In 1998, Larry Page and Sergey Brin built BackRub, which ranked pages by counting which other pages linked to them. They called the score PageRank. The model was grounded in the idea that if a lot of trustworthy people pointed at a page, the page was probably worth your time.


In 2026, the new reader is a language model, and it is reading on behalf of someone who will never visit your site. It pulls your docs into a context window, ranks you against three competitors it found in the same query, and returns a verdict. Your actual buyer reads the verdict instead of the page.


Let's look at this scenario:


Consider a buyer asking [insert any AI model] which auth provider to use for a B2B SaaS.   

For a B2B SaaS, these are the top three choices based on your specific goal:

  • X: Best for Enterprise Deals. It is the industry standard for quickly adding SAML SSO and SCIM provisioning to close large corporate contracts.

  • Y: Best for Scaling Startups. It offers the most generous free tier (10k+ users) and built-in multi-tenancy (Organizations) that feels native, not bolted on.

  • Z: Best for Self-Service. It provides a pre-built Admin Portal where your customers can manage their own team members, roles, and SSO settings without you writing extra code.”

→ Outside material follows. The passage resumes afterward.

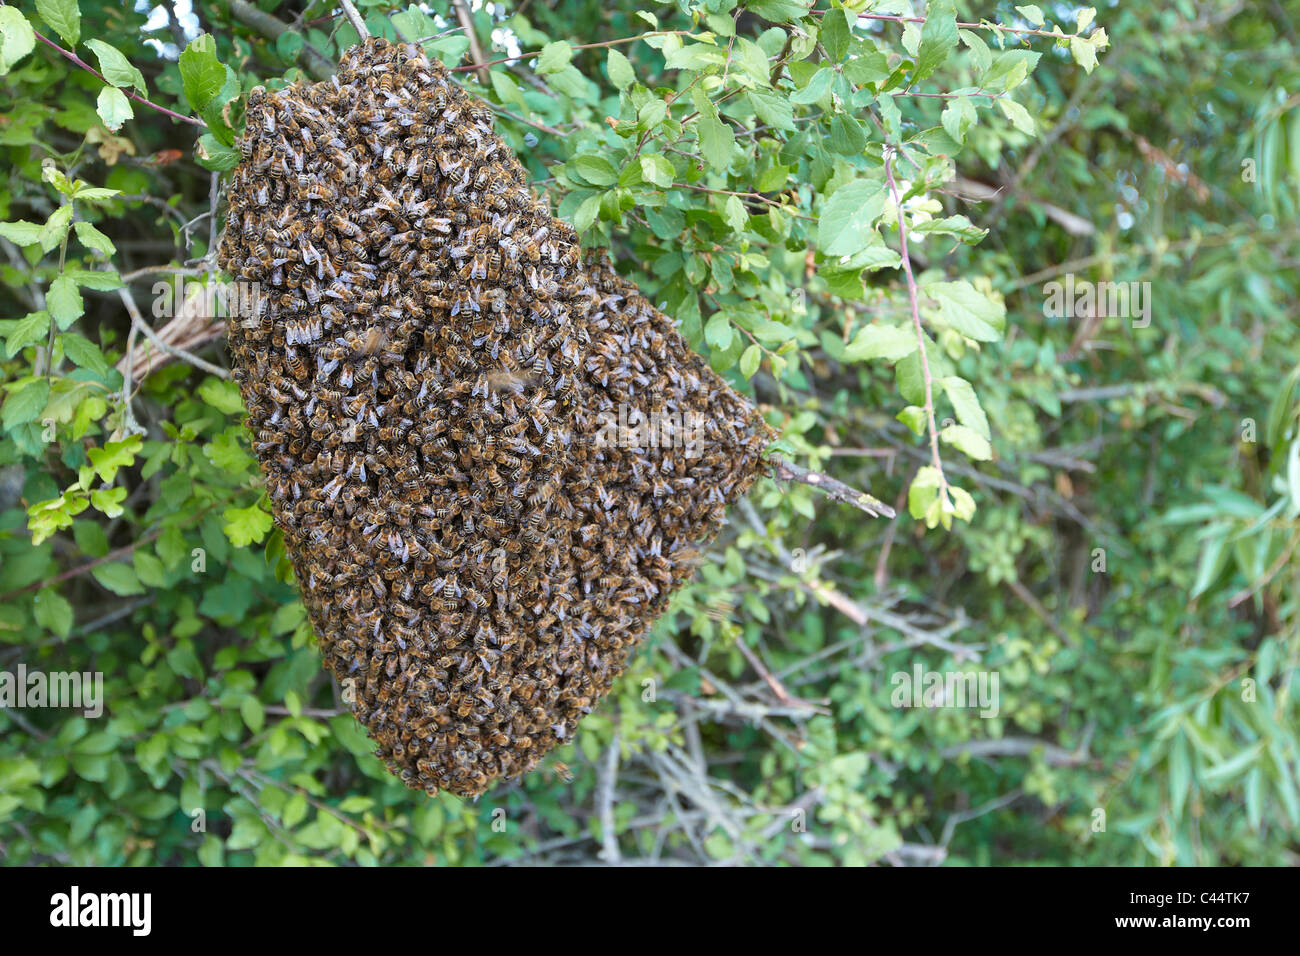 L'essaimage des abeilles dans une haie, East Yorkshire, UK. Essaim d'abeilles Banque D'Images

Your product isn't on the list, so you check the citations. The model leaned on a 2023 forum post that calls your auth flow complex and missed the rewrite engineers shipped six months ago. The post still ranks because nothing has displaced it. The model read a stale opinion of your product instead of your docs, and handed that opinion to your buyer with full confidence.

Problem


Whether a model is recommending you to a human asking AI models for software, or a coding agent is deciding whether to integrate your API, or a payment AI agent is shopping for a vendor at 3am, the loop is identical. A machine is reading your content and making a call.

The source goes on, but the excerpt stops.